How to Improve Discount Retailer Operations

By Vladik Rikhter

walmart-neighborhood-market

Walmart is often the subject of negative press, but that’s bound to happen when you’re No. 1 on the 2014 Fortune 500 list of the world’s largest companies by revenue. Walmart is not just the preeminent big-box, discount retailer in the United States – it’s a global empire. Domestically, the company operates more than 5,000 stores and clubs nationwide. Globally, it operates an additional 6,000 retail units in 27 countries.

For the fiscal year ended Jan. 31, 2014, Walmart increased net sales by 1.6 percent to $473.1 billion. As of this month, it captured 25 percent of the U.S. grocery market, making it the largest grocery retailer in the country. However, Walmart also ranked lowest in freshness, according to a May 2015 Consumer Reports ranking. The company is currently trying to address this discrepancy between traffic and customer satisfaction.

In February of last year, Walmart announced plans to add 270 to 300 small-format stores in fiscal year 2015, which was twice the amount initially forecasted. According to the company, comp sales were “driven by fresh and pharmacy.” Put simply, Walmart looked at its sales data and learned that many customers prefer a smaller store when making a quick stop for groceries or picking up a prescription.

Walmart is not the only discount retailer tweaking its business model in terms of store size. Target, which calls itself the “upscale discount retailer,” is expanding its TargetExpress concept to more markets, including urban areas. By the end of the year, nine major cities will have these small-format stores.

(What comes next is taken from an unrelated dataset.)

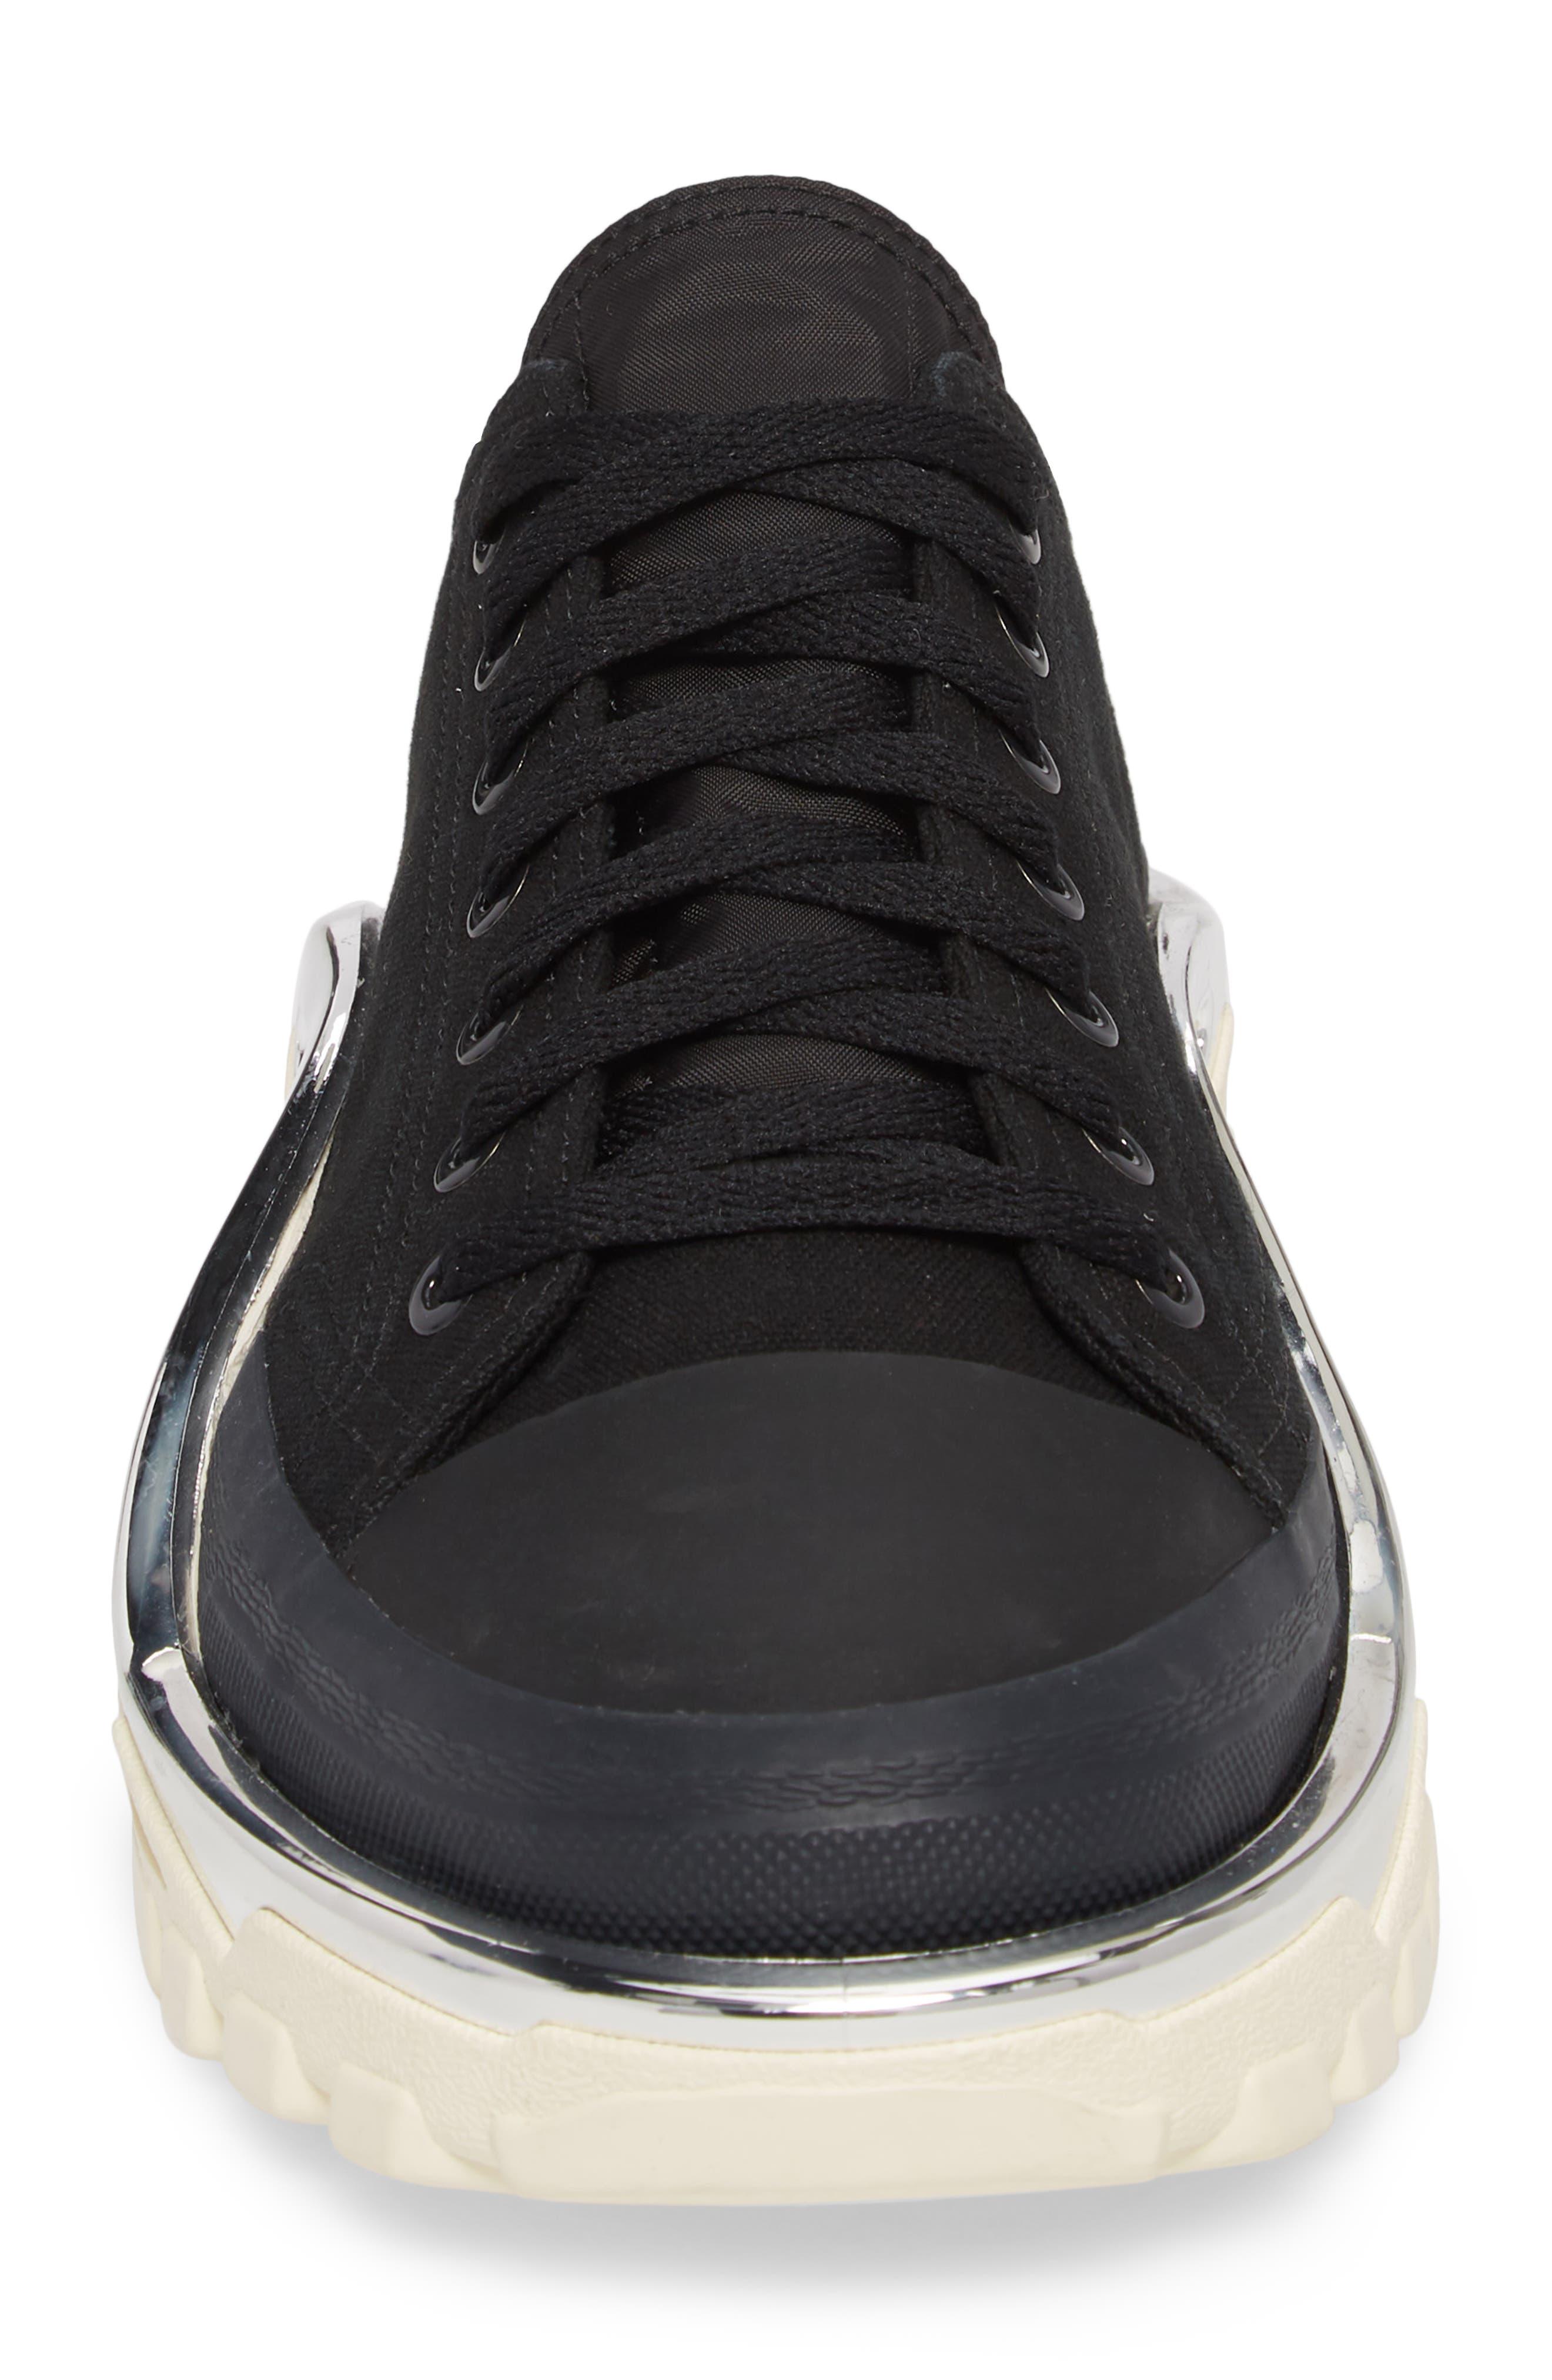 adidas by Raf Simons Detroit Low Top Sneaker,                             Alternate thumbnail 4, color,                             CORE BLACK/ CREAM WHITE

Thinking Small for Big Rewards

If you’re a smaller discount retailer, it’s good to be you right now! The size of your operation in on trend. You might not have your own private-label products or handle distribution from your own supercenter (as Walmart does), but you can improve your vendor relationships to stock products quickly and efficiently.

Here are three areas to focus on:

  1. Improve how you communicate between your stores regarding pricing and promotions.
  2. Raise the level of customer service by responding to issues as they arise.
  3. Stay true to your individuality. Get to know your local customers and their preferences.

Learn from the discount retail giants by running a lean and efficient operation, but keep in mind that more customers are looking for alternatives to the supercenter shopping experience. You can reap big rewards if you answer the call for smaller, easily navigable and well-stocked stores.